WORK INSTRUCTION - Please, without any pictures, set down exactly the part of the listing below that opens with the line containing "spec2-aps4004.jpg" and closes with the line containing "210301_yh_designer-showroom_pc_efeff1".

EXERCISE DATA -

○ ○ ○ ○

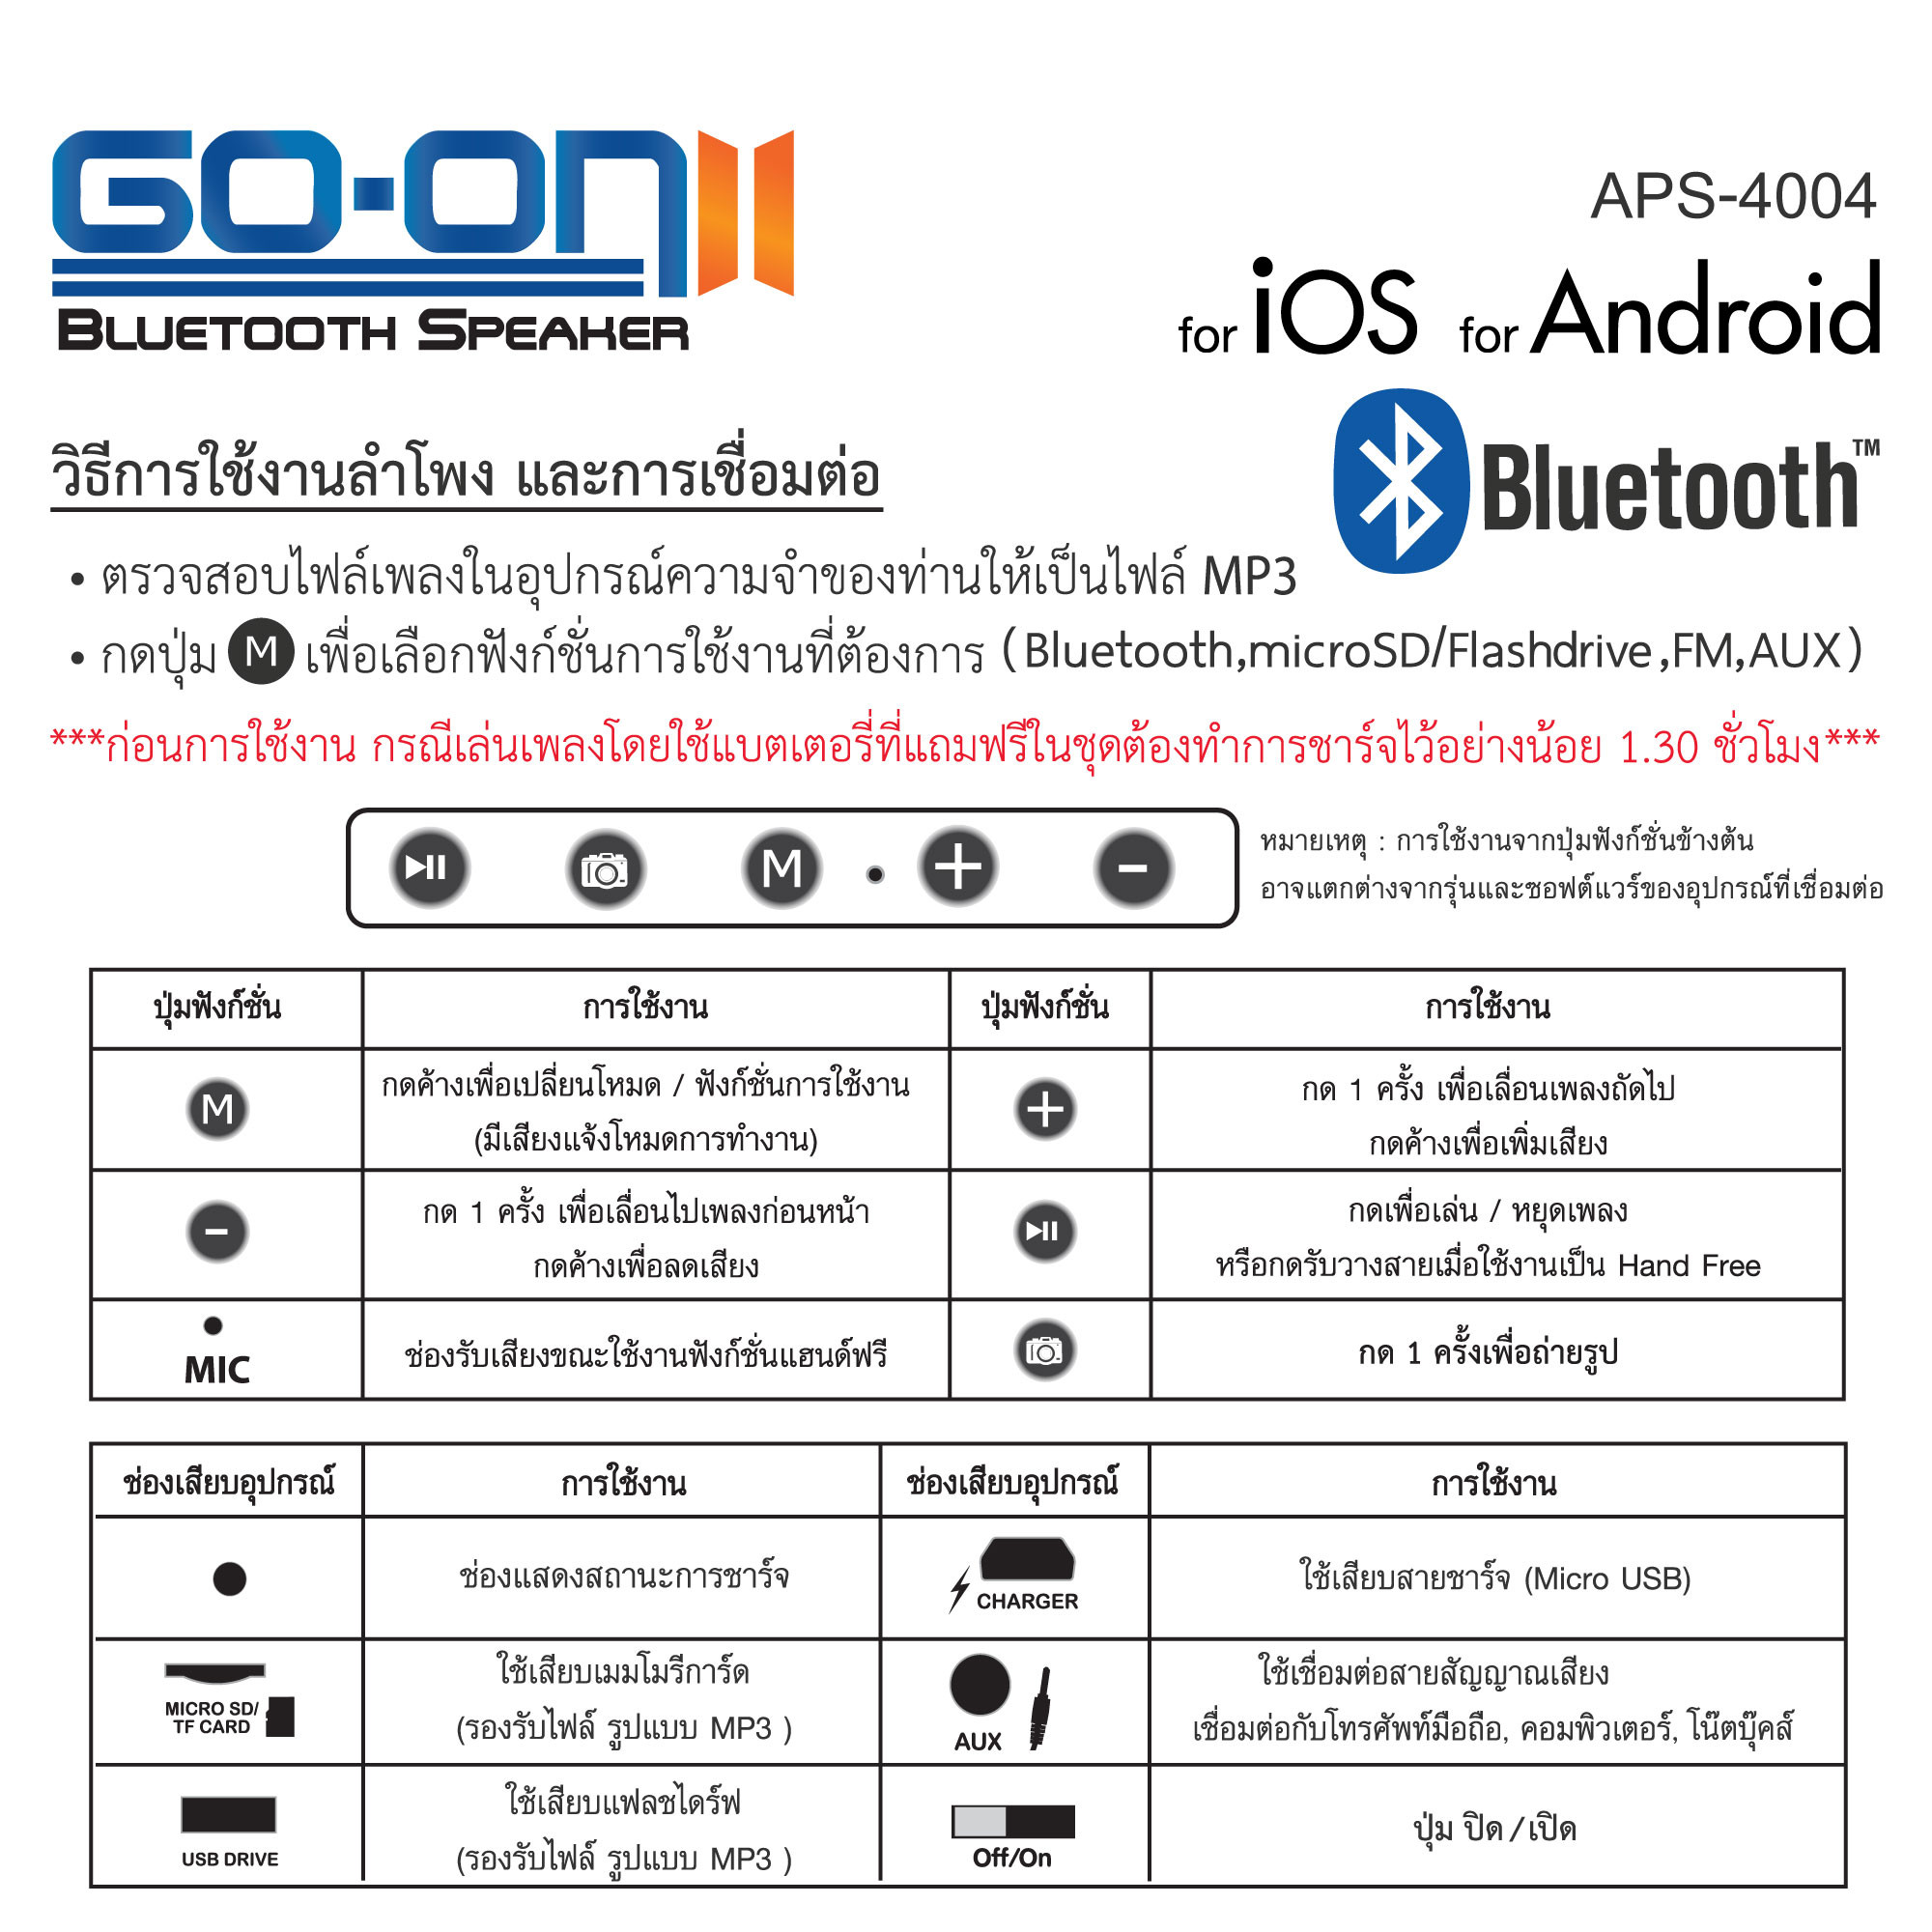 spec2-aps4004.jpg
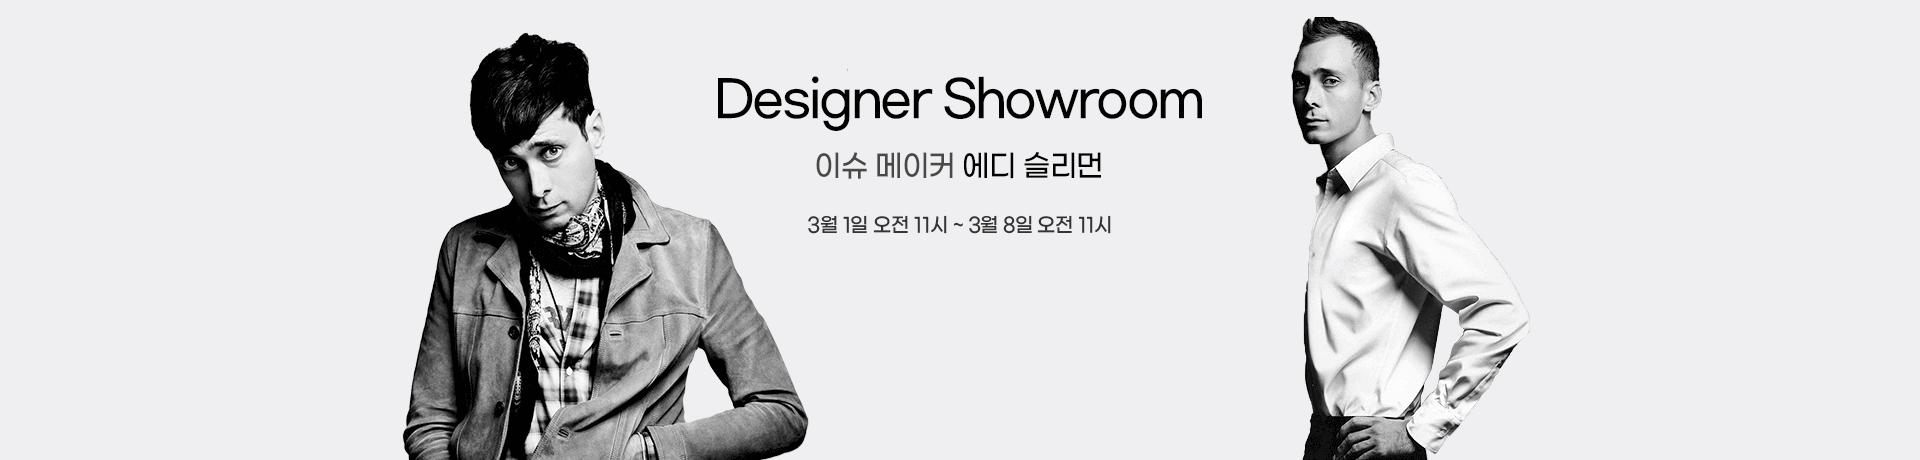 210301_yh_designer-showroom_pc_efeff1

○ ○ ○ ○

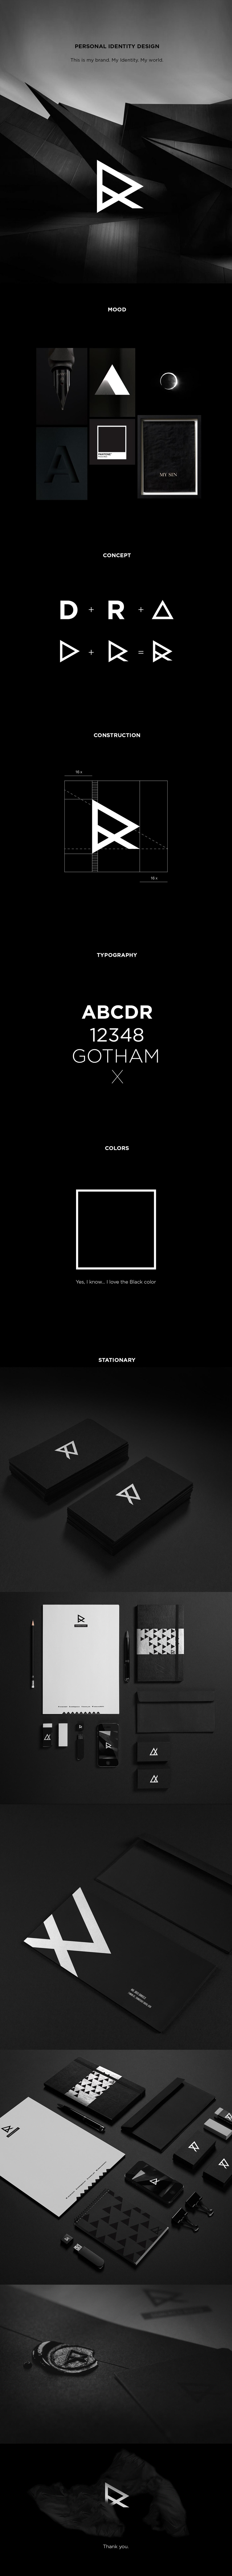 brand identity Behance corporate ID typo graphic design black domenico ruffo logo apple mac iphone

○ ○ ○ ○

SOLUTION TO THIS EXERCISE -
 spec2-aps4004.jpg
 210301_yh_designer-showroom_pc_efeff1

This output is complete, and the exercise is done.